For the entries that follow, retype exactly the lines from the one containing "#clouds #mesr #desert" to the one containing "K.I.S.S.I.N.G Lipstick in So Marilyn", inclusive, and only those. Images stay out of the copy.
### SOURCE MATERIAL
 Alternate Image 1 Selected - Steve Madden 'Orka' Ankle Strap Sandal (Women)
######
### SOURCE MATERIAL
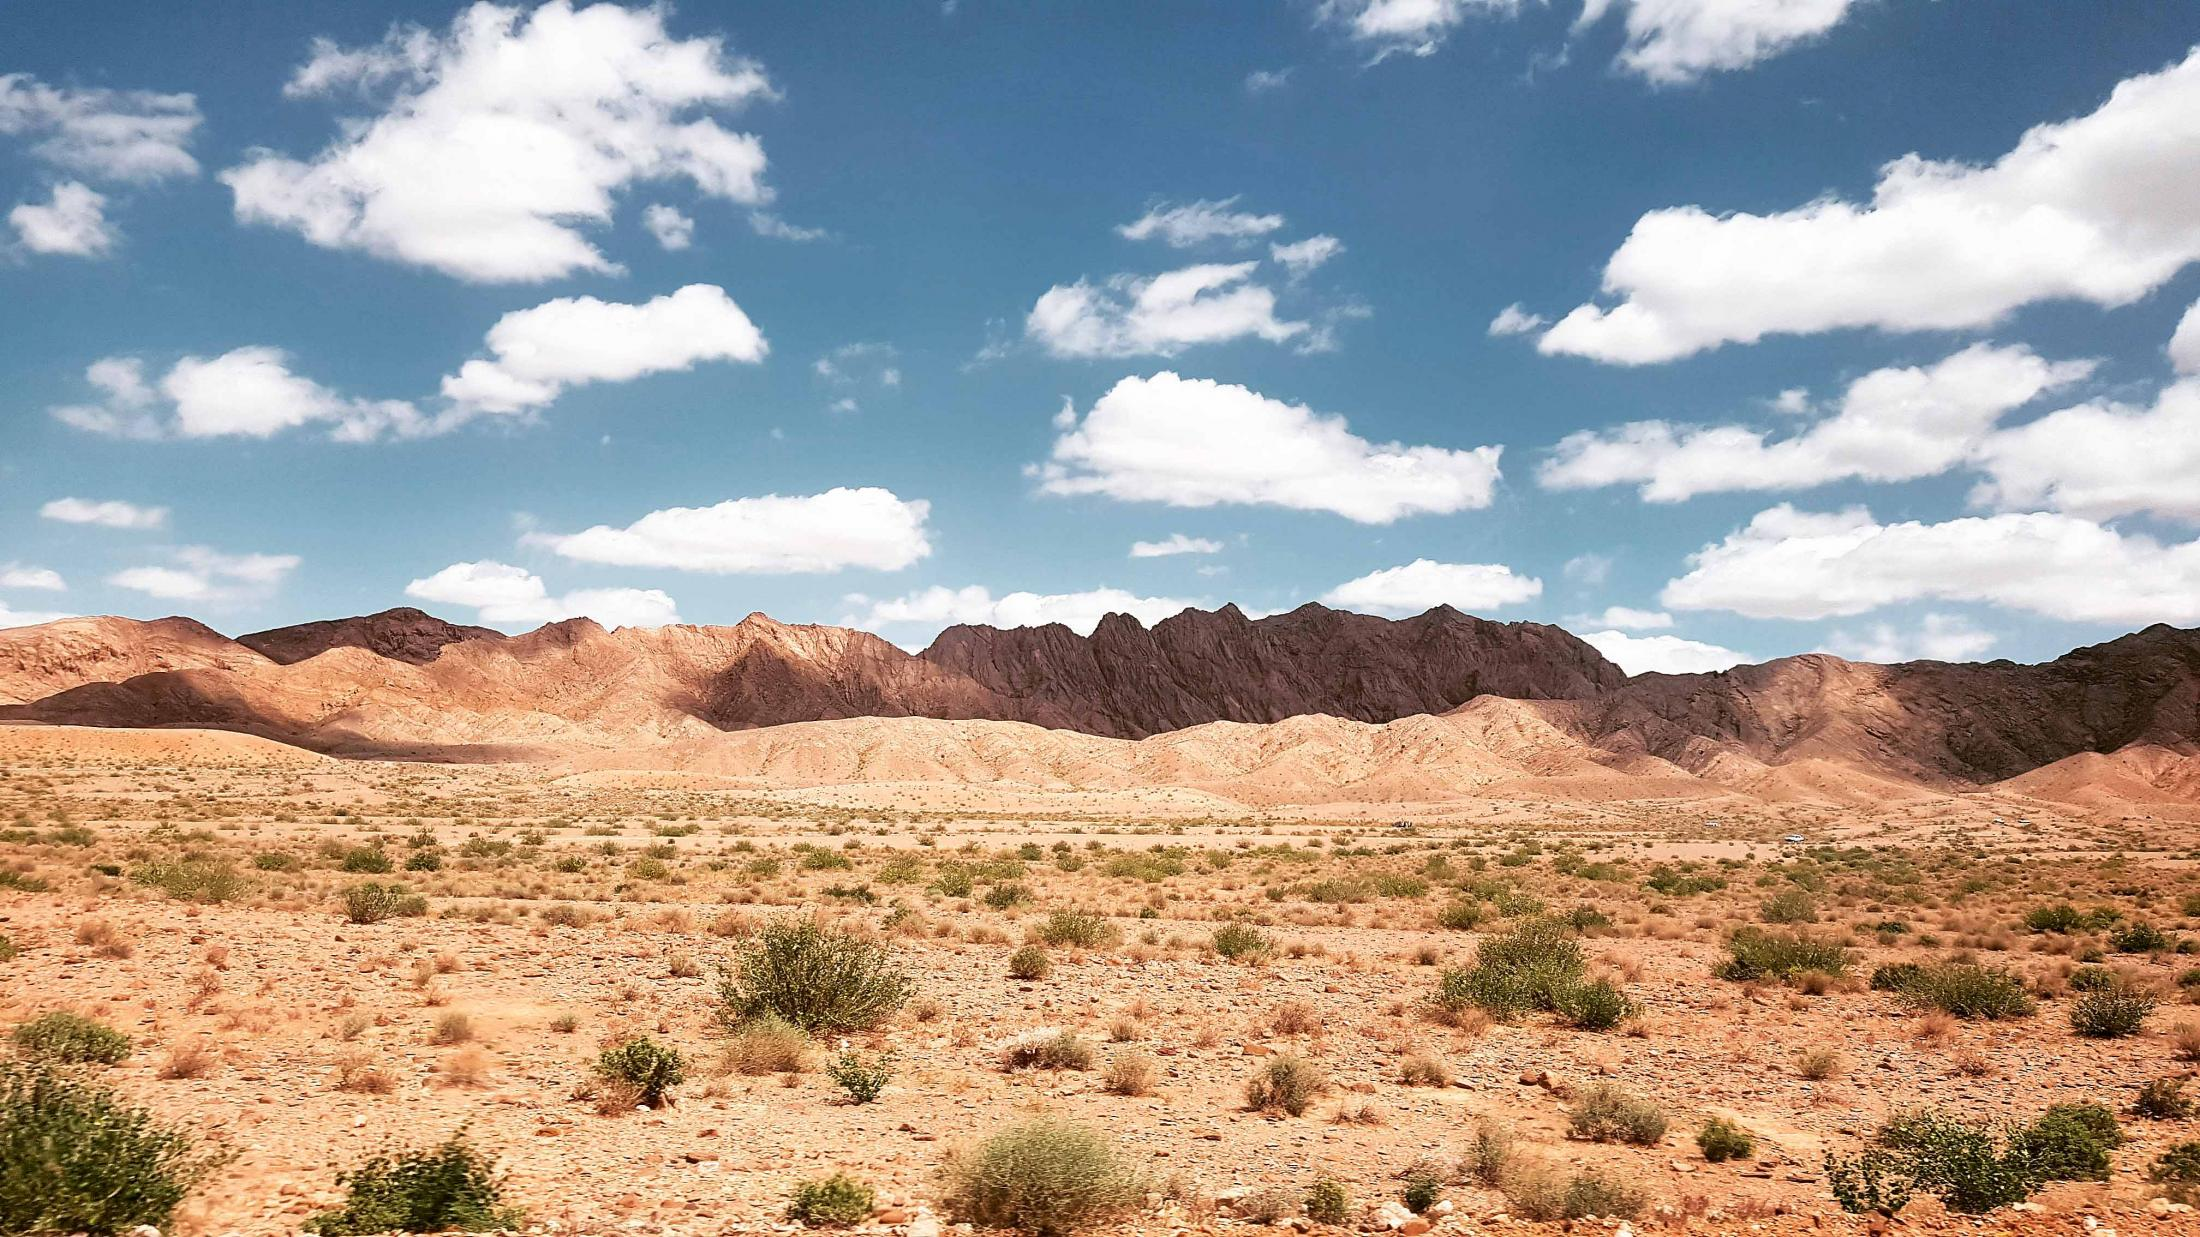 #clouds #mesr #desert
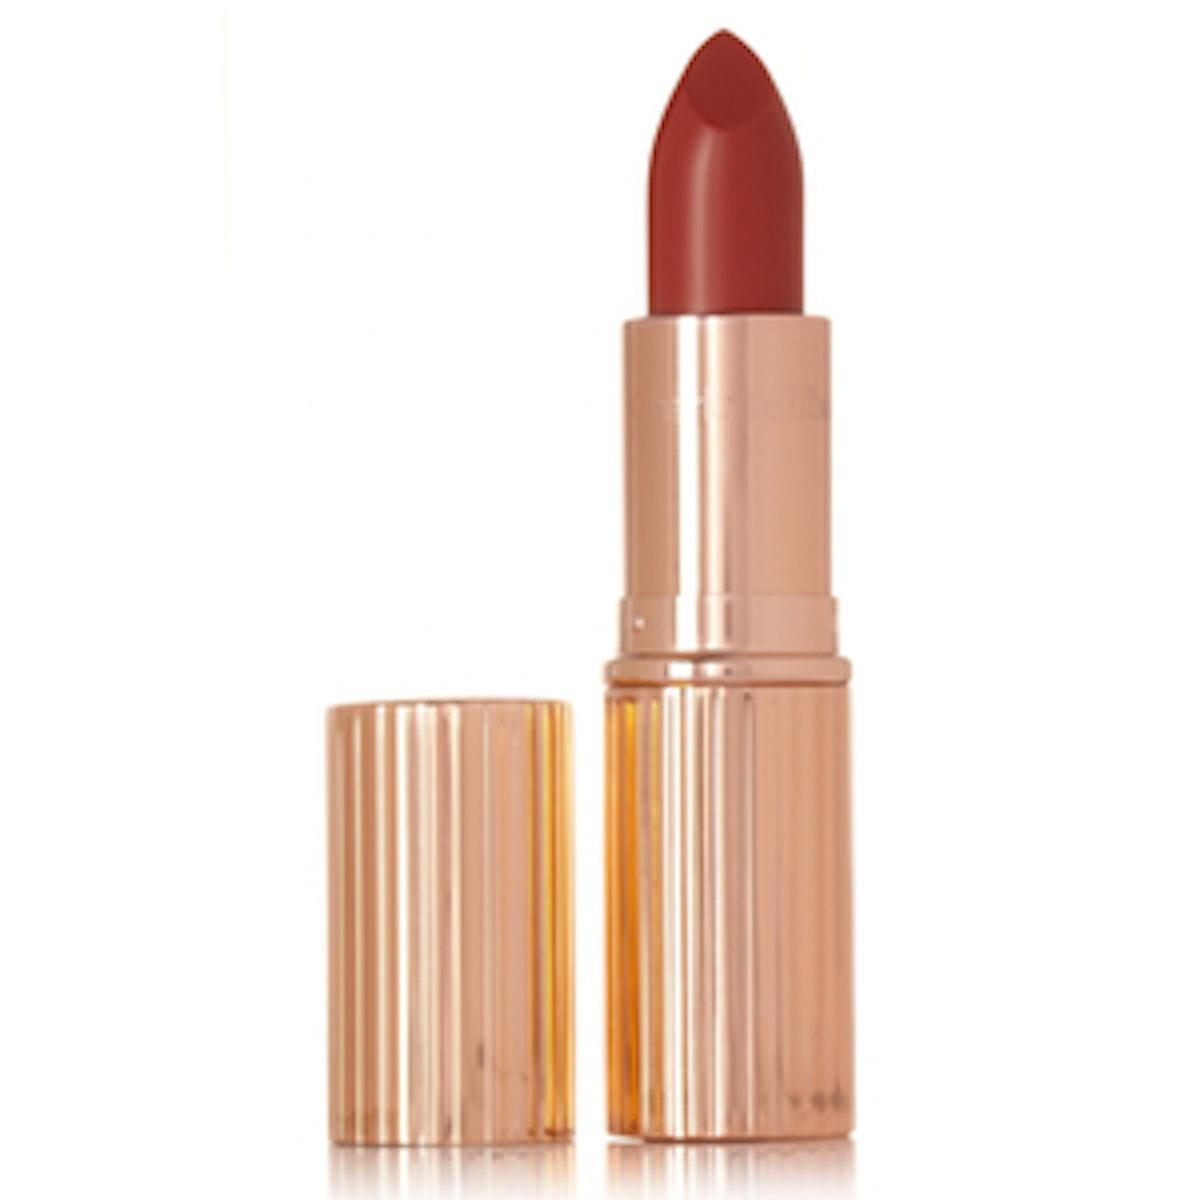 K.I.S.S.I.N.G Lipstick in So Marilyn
######
▶ [RESULT]:
 #clouds #mesr #desert
 K.I.S.S.I.N.G Lipstick in So Marilyn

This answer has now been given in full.